▸ **What you will do**
Set the listing down again in full, word for word, with the pictures left out.

▸ **Supplied material**
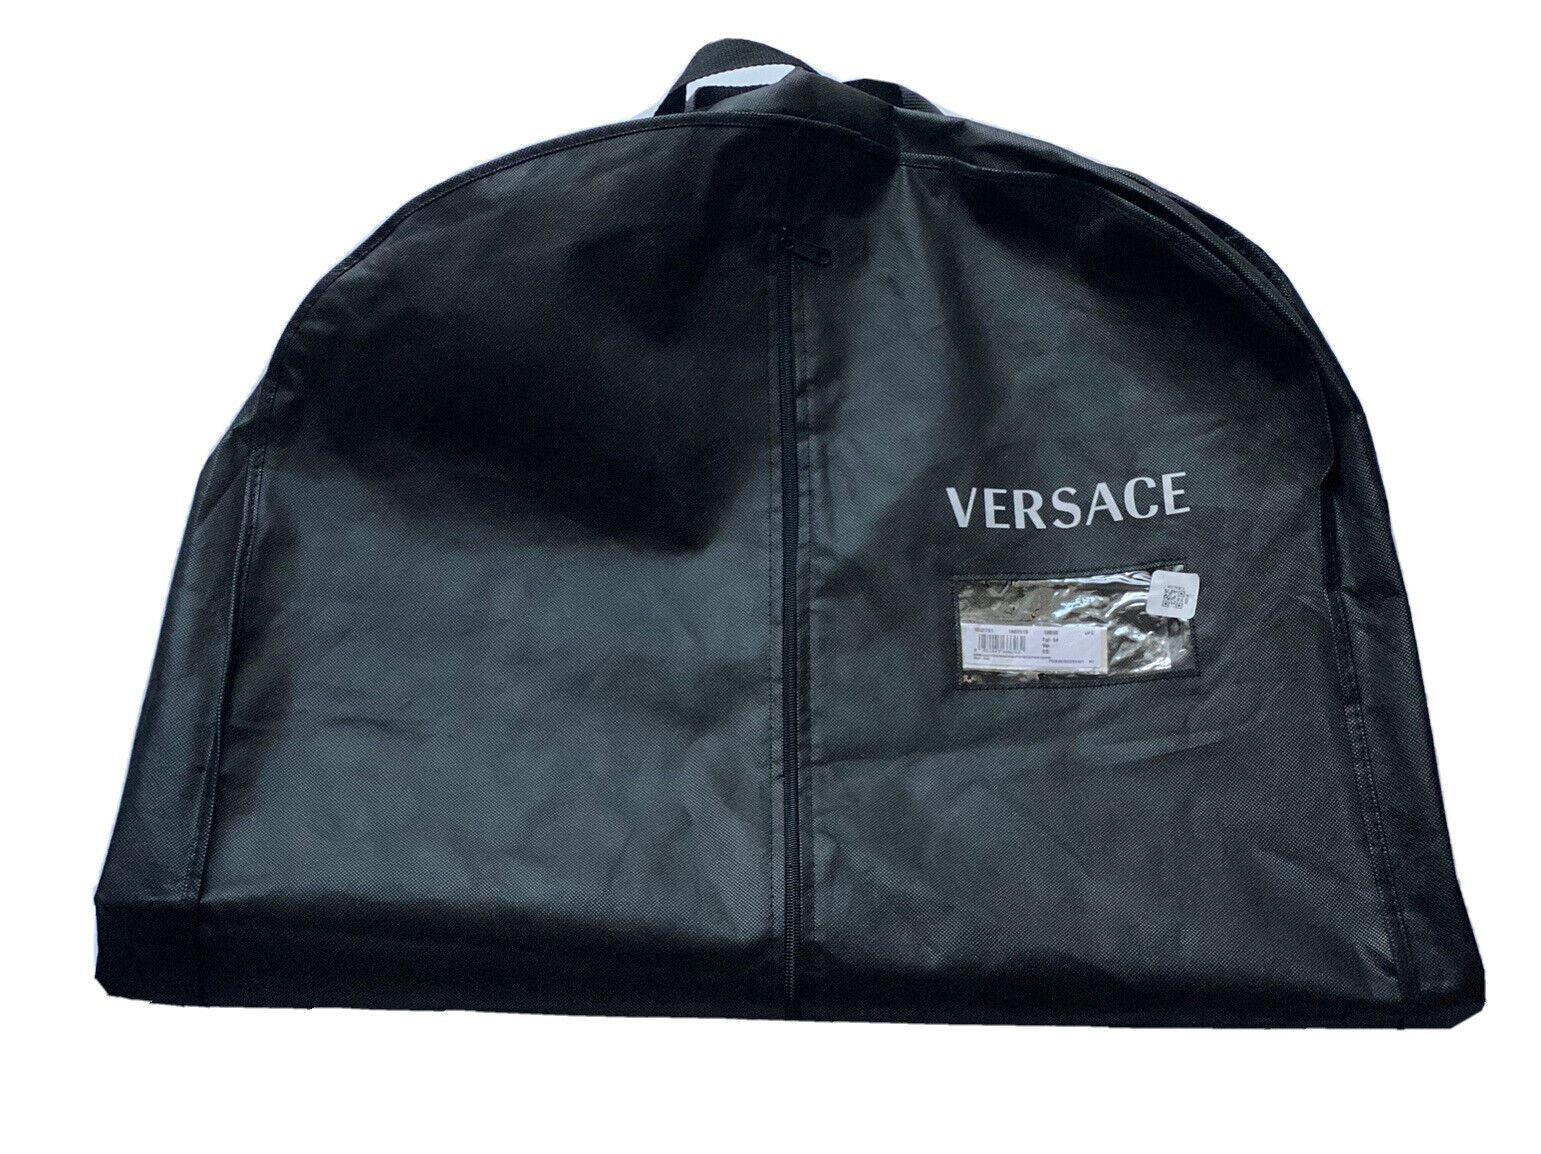 Совершенно новая складная сумка для одежды Versace, черная куртка/жилет, 43 дюйма x 23,5 дюйма 1002751 
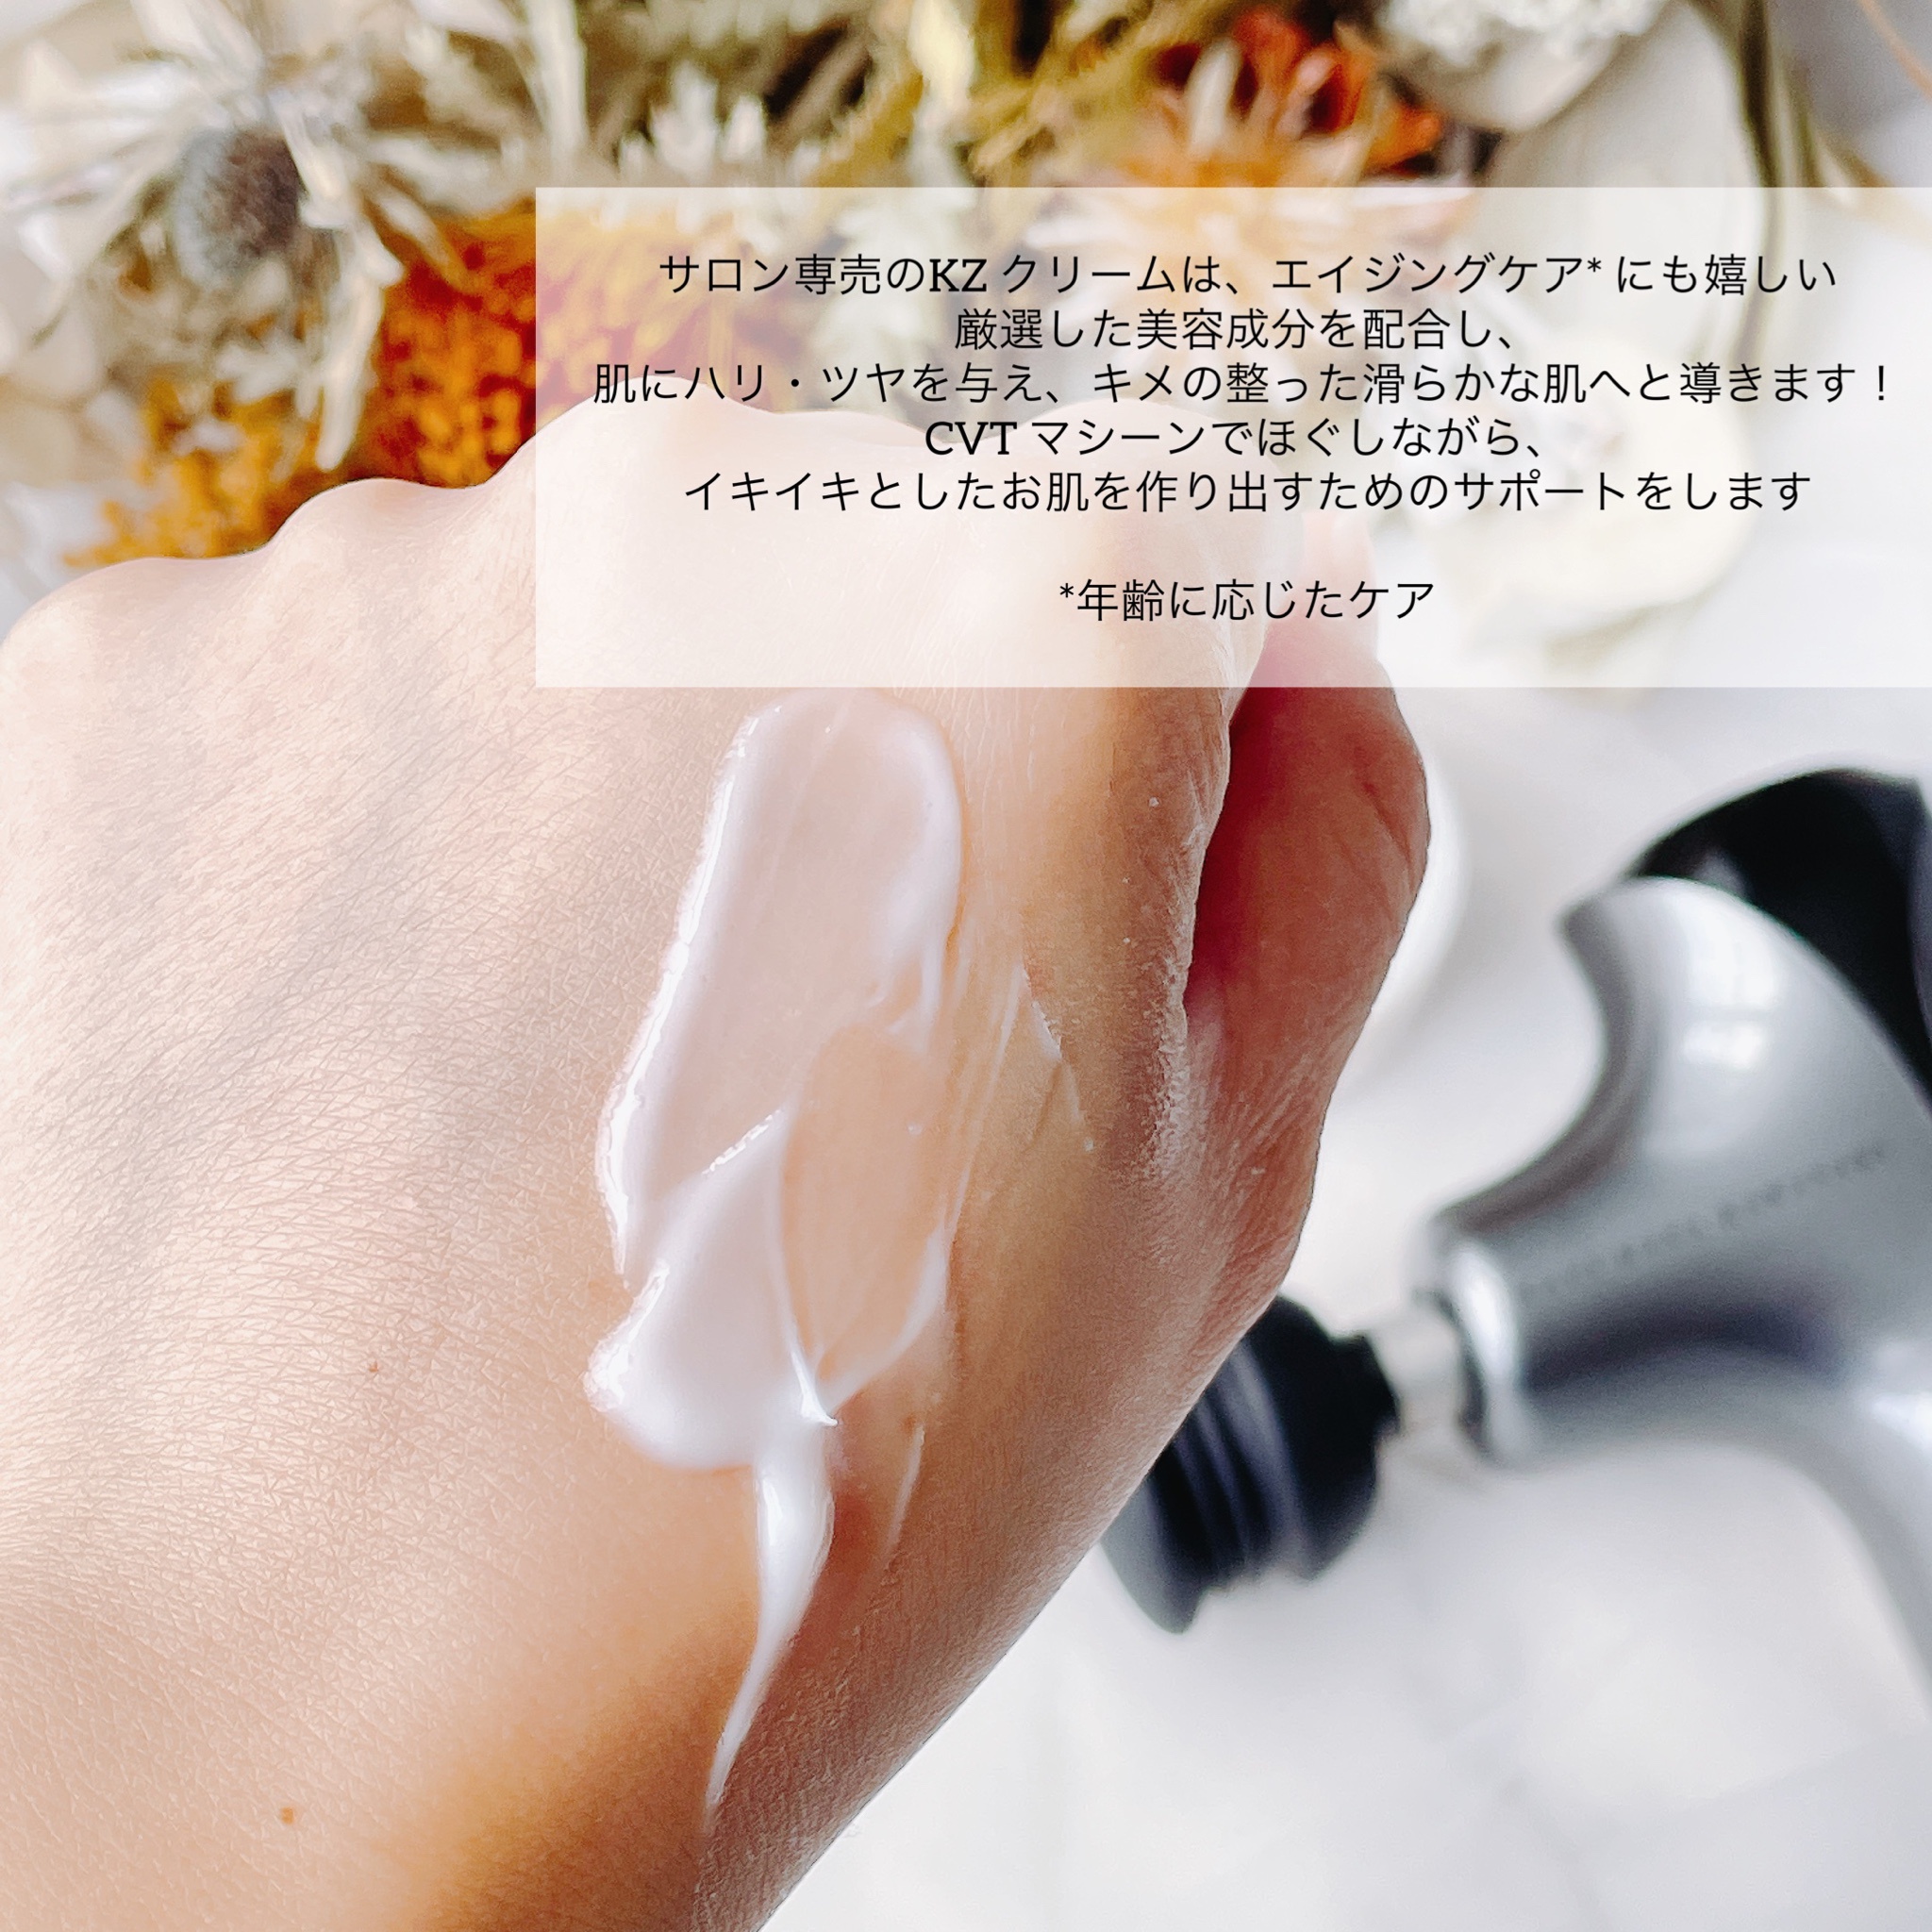 RENPHO / KAZUMASA KAWASAKI CVT バンドル (30gクリーム)の公式商品 
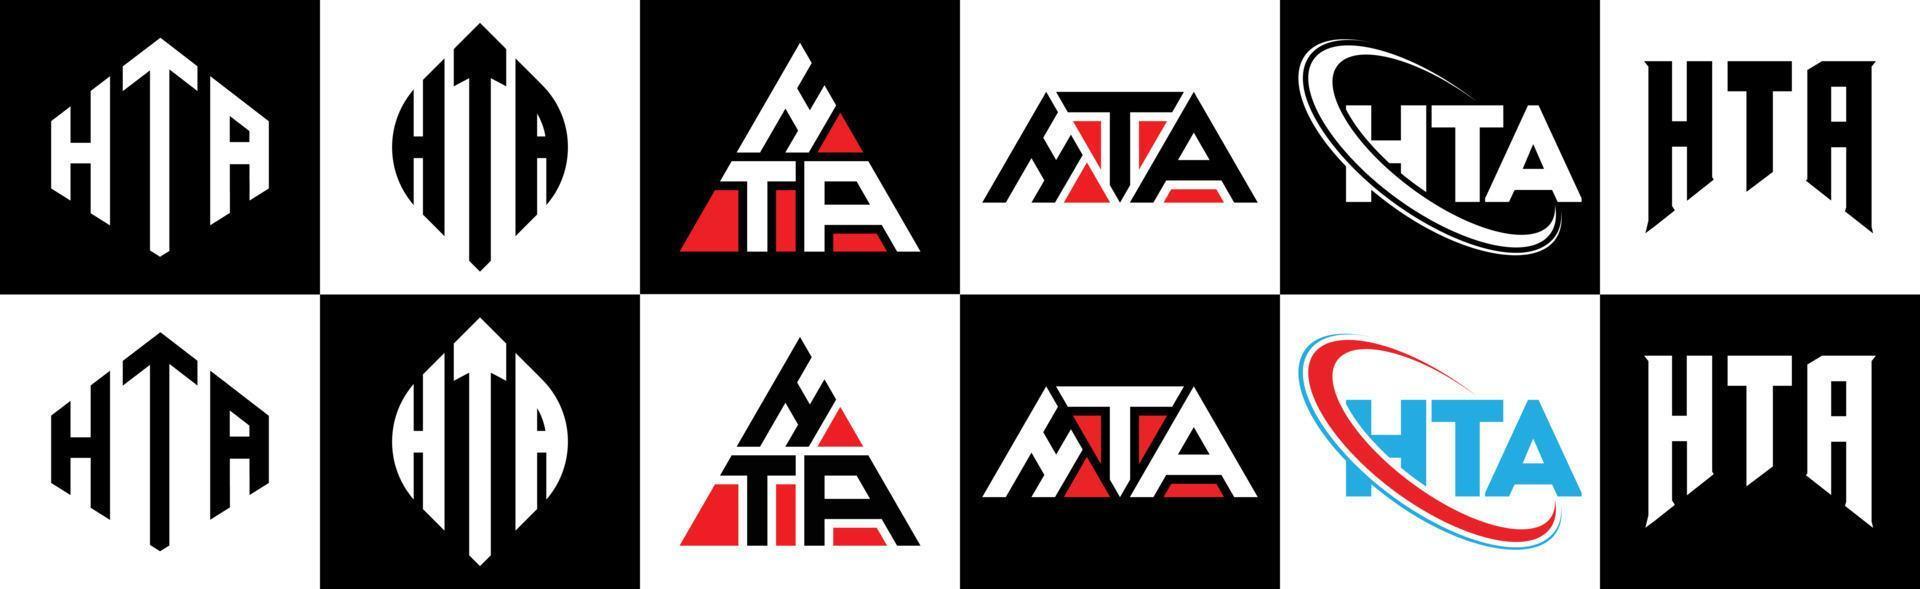 Hta-Buchstaben-Logo-Design in sechs Stilen. hta polygon, kreis, dreieck, sechseck, flacher und einfacher stil mit schwarz-weißem buchstabenlogo in einer zeichenfläche. hta minimalistisches und klassisches Logo vektor

▸ **Problem solution**
 Совершенно новая складная сумка для одежды Versace, черная куртка/жилет, 43 дюйма x 23,5 дюйма 1002751 
 RENPHO / KAZUMASA KAWASAKI CVT バンドル (30gクリーム)の公式商品 
 Hta-Buchstaben-Logo-Design in sechs Stilen. hta polygon, kreis, dreieck, sechseck, flacher und einfacher stil mit schwarz-weißem buchstabenlogo in einer zeichenfläche. hta minimalistisches und klassisches Logo vektor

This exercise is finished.